8 декабря 1941 года, Япония напала на Америку без объявления войны.

9 декабря 1941 года

Мы дышим. Мы немного глубже дышим. Нами взят Тихвин. Может быть, отсюда начнется спасение Ленинграда.

13 декабря 1941 года

Под Москвой хорошо. Москва отбила от себя врага, но в Ленинграде все еще грозно.

Сегодня снаряды ложились по Кировскому.

Обстрел настиг нас при приближении к дому. Снаряд разорвался у нашей проходной будки, у ворот, как раз в ту минуту, когда мы, подъехав к главному подъезду, выходили из машины.
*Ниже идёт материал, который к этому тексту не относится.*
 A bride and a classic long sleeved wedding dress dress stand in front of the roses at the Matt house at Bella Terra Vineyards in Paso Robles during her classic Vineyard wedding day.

Вся улица заволоклась пороховым, кислым каким-то дымом. У нас повреждена водопроводная магистраль и главный ввод в канализацию. Теперь мы без воды.

У проходной — большая обледенелая воронка. Мостовая покрыта льдом, ледяные языки тянутся далеко.

14 декабря 1941 года

Успех под Волховом.

21 декабря 1941 года

Вчера решили навестить Евгению Осиповну Р. — жива ли, жив ли муж? Это мои большие друзья.

Она заведует кафедрой педагогики в Герценовском институте. Теперь работает в тамошнем госпитале сестрой. Работает тяжко. А сама желтая, глаза погасли, седина волос сливается с мехом старенькой шапочки.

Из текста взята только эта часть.